* **EXERCISE GOAL**
Skip all pictures. Write out the data below from its first line through the line that contains "I recently found".

* **PROVIDED MATERIAL**
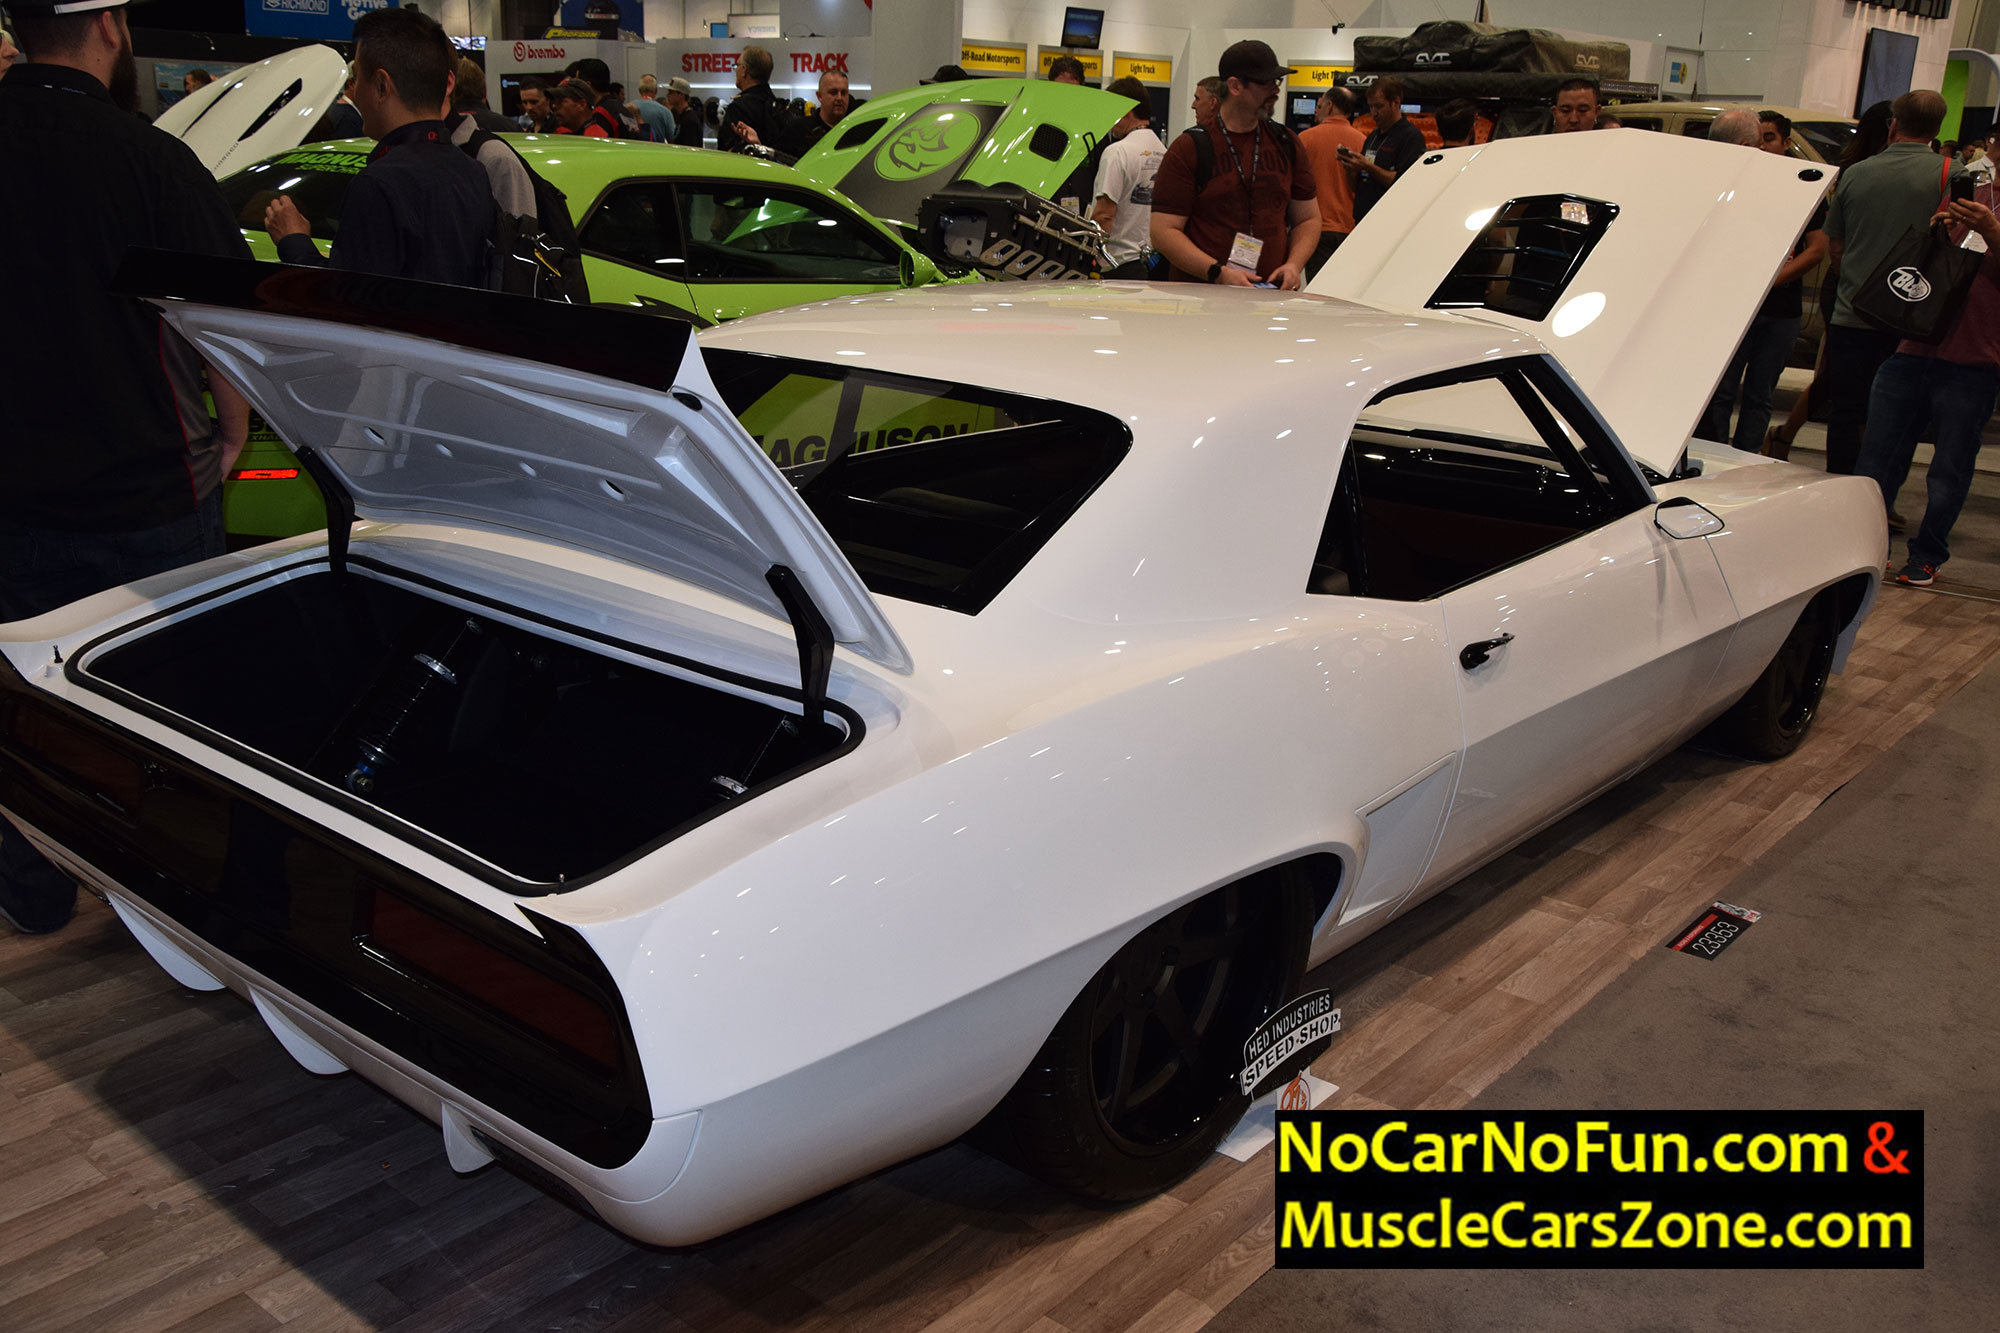 1969 Chevrolet Camaro by HED Industries 2 - Sema Show 2016 Vegas
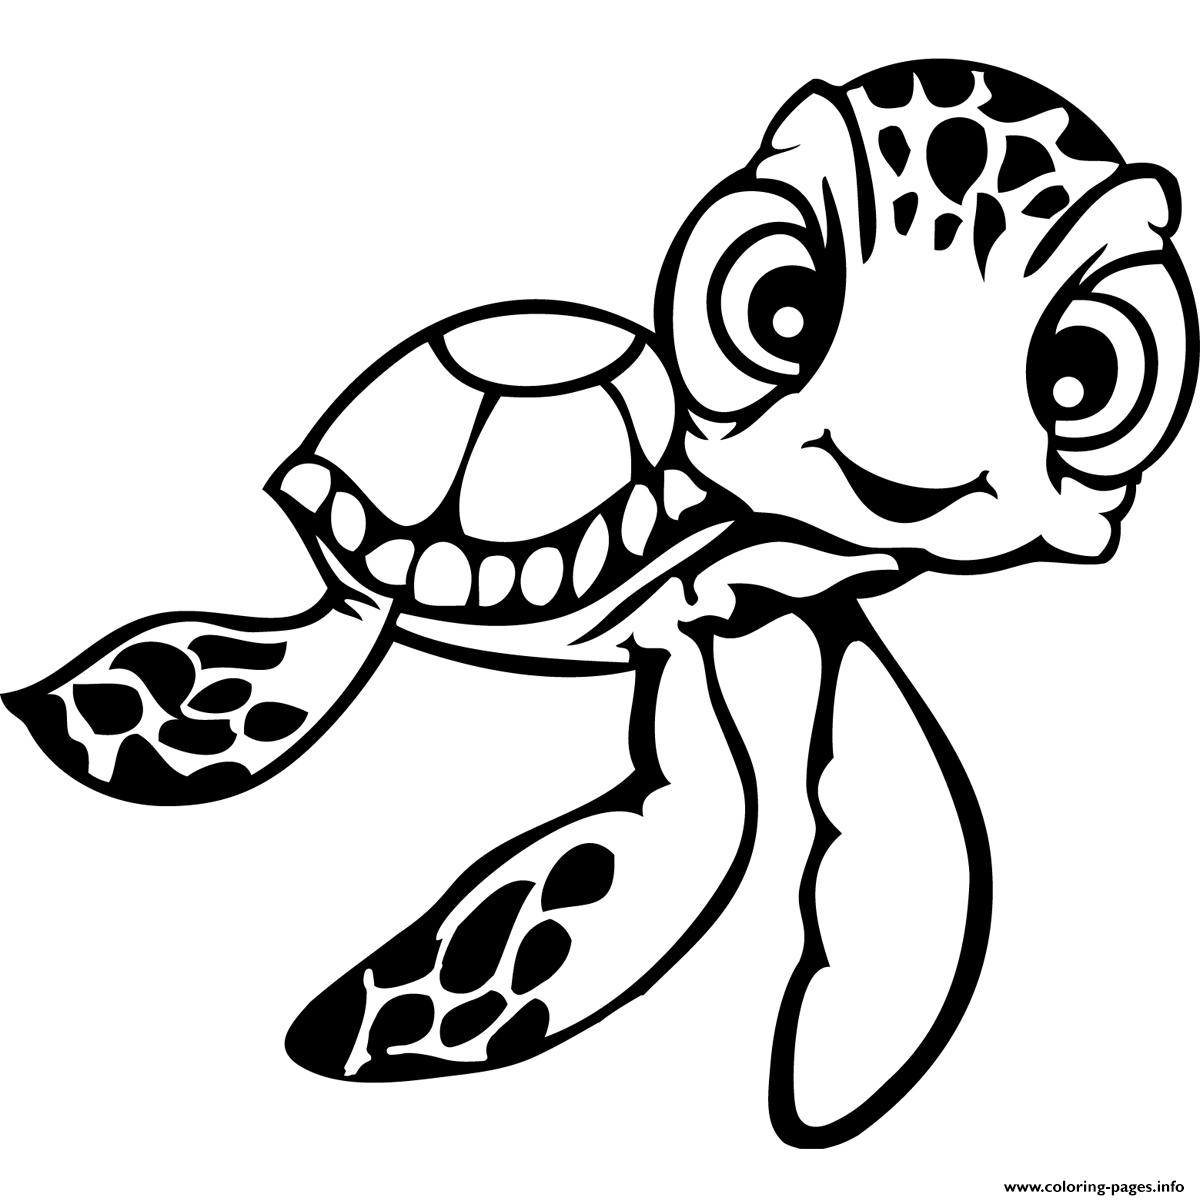 Squirt Finding Nemo Disney coloring pages
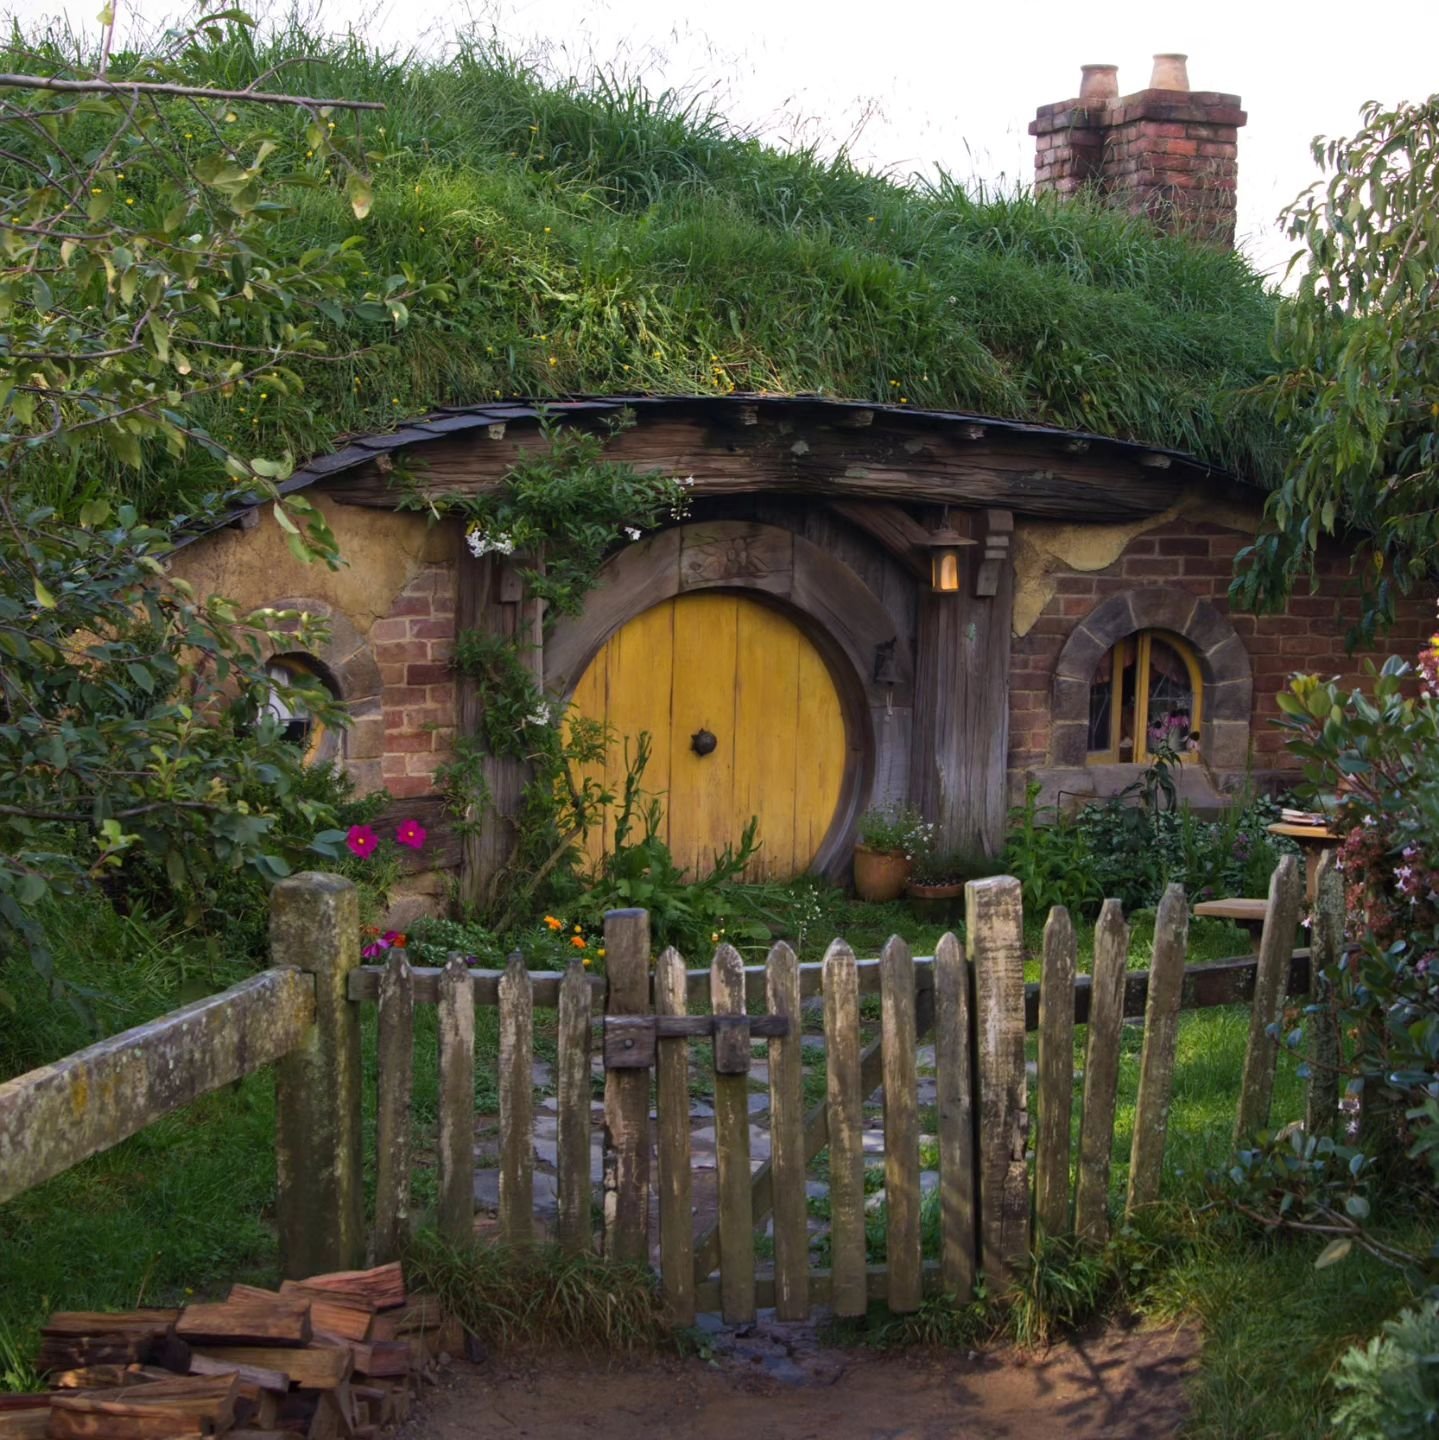 I recently found out that you can now tour INSIDE a Hobbit hole at the Hobbiton movie set in New Zealand, so basically I need to plan another trip back there ASAP.

#hobbiton #hobbitonmovieset #hobbitontours #hobbithole #newzealand #lotr #lordoftheri

* **EXPECTED OUTPUT**
 1969 Chevrolet Camaro by HED Industries 2 - Sema Show 2016 Vegas
 Squirt Finding Nemo Disney coloring pages
 I recently found out that you can now tour INSIDE a Hobbit hole at the Hobbiton movie set in New Zealand, so basically I need to plan another trip back there ASAP.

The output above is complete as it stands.